# Euro Kit



## 96101 (Aug 23, 2005)

hello, 
We are going to France in the middle of October for 12days, Its are first trip to the continent, What do i need for my motorhome i have a 04 Autotrail Chieftain on a fiat ducato?
Ant tips on what & where to buy.

thanks 

stuart


----------



## Scotjimland (May 23, 2005)

stuart32 said:


> Ant tips on what & where to buy.


Travel insurance, including breakdown cover .. Red Pennant from CC 
Spare set of lamps for van.. compulsory I believe 
First Aid box .. 
Red warning triangle.. 
French hook up adaptor 
Phrase book 
E11 insurance certificate .. post office 
Mobile phone

All I can think of this early in the morning .. lol

ohh don't forget a CREDIT CARD .. :wink:

Have a great trip and take care ..

Jim


----------



## zaskar (Jun 6, 2005)

French type 2 pin hook up adaptor.
Polarity tested is handy to have.
Red warning triangle 
Yellow fluresent jacket
Good long hose pipe with various end fittings 
Spare oil
Fuel filter (if it's a diesel)
Jack AND axle stand.
Headlight deflectors (some people have posted that the bulbs can be turned round on the Ducato but when i looked at my mates 05 Maxi, they couldn't.)

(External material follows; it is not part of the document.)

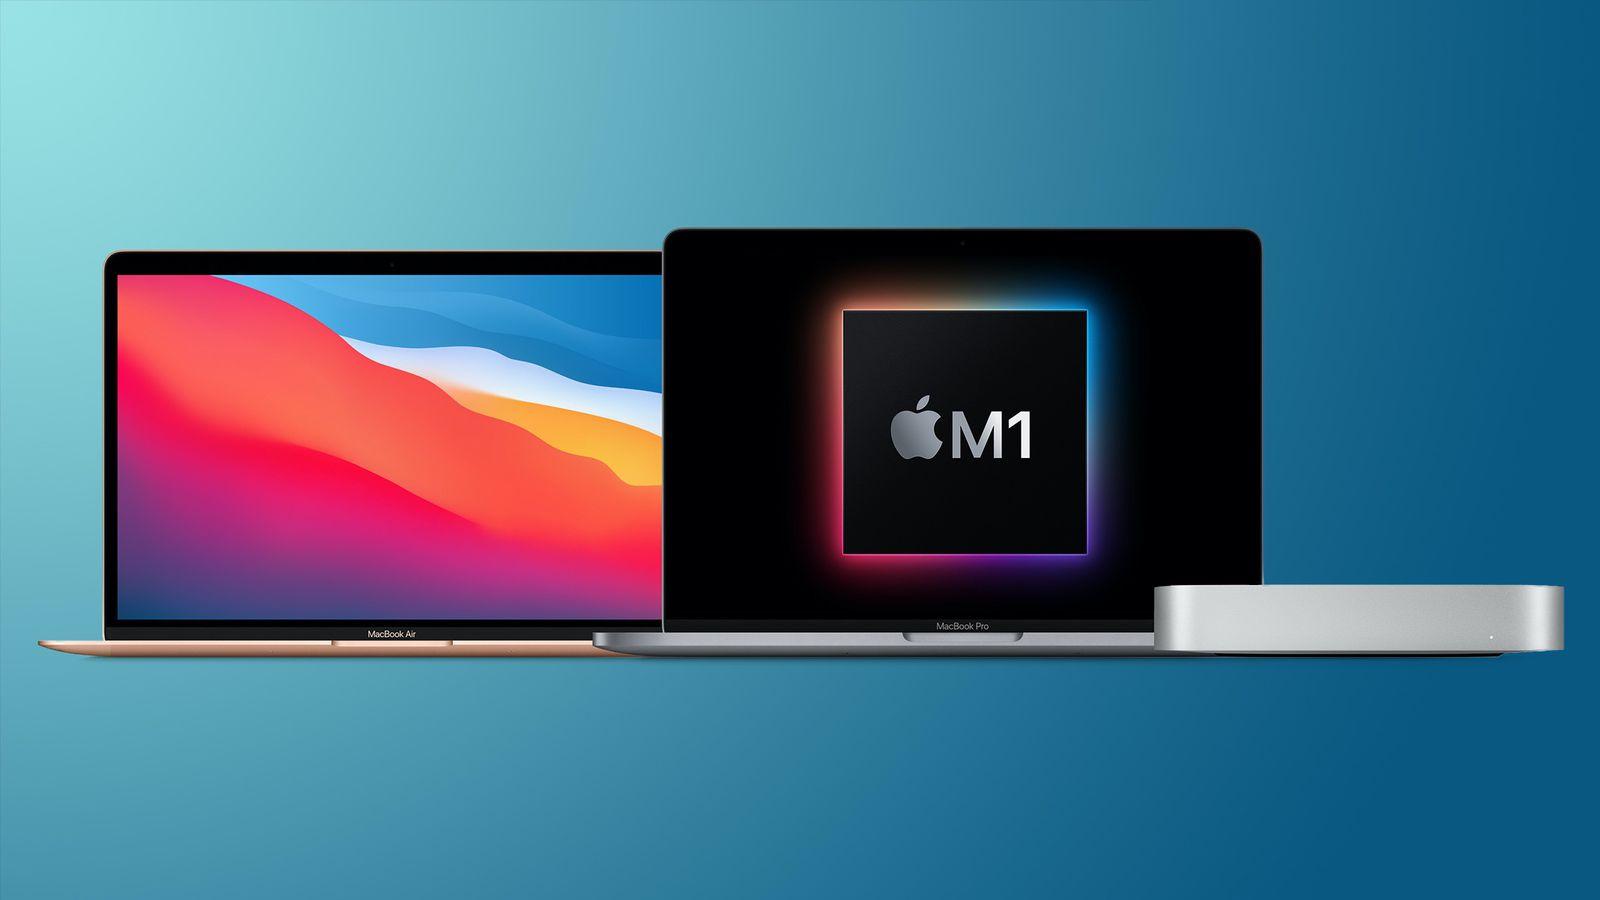 mac-mini-macbook-pro-macbook-air-m1

Any caravan accessory store or if you've got time, Towsure mail order.


----------



## Pusser (May 9, 2005)

Sense of humour
Several changes of underwear
A good solicitor
Beam benders
Note book to jot down mileage\fuel etc so you can let us know how you got on.
Camera
Gas masks
Something you can use as a weapon. i.e shotgun


----------



## Scotjimland (May 23, 2005)

Pusser said:


> Something you can use as a weapon. i.e shotgun


Wow.. I better upgrade from the Mk1 baseball bat 8O :wink:


----------



## bigfoot (May 16, 2005)

Fire extiquisher and high vis jackets for all passengers.


----------



## tonyt (May 25, 2005)

Well if you take everything you're being advised to take then the first thing you'll need to do is increase your MTPLM


----------



## 96109 (Aug 23, 2005)

The essential guide for touring abroad.....

http://www.theaa.com/allaboutcars/overseas/compulsory_equipment.html

Dec.


----------



## 88735 (May 9, 2005)

nationwide flexi account
camera
a good map
wine glasses


----------



## 95748 (Jul 16, 2005)

*High vis jackets*

If you are planning to come to Spain (its 27c today) be sure to carry a high vis jacket for everyone if you are stopped by the Spanish police do not leave your vehecle without putting it one first they will fine you around 90€ according to what mood they are in (that goes for car drivers also)

The way they drive here it would be wise to sleep in them as they drive and park using the braillesystem,
when they hit it they stop 
sometimes!

:?


----------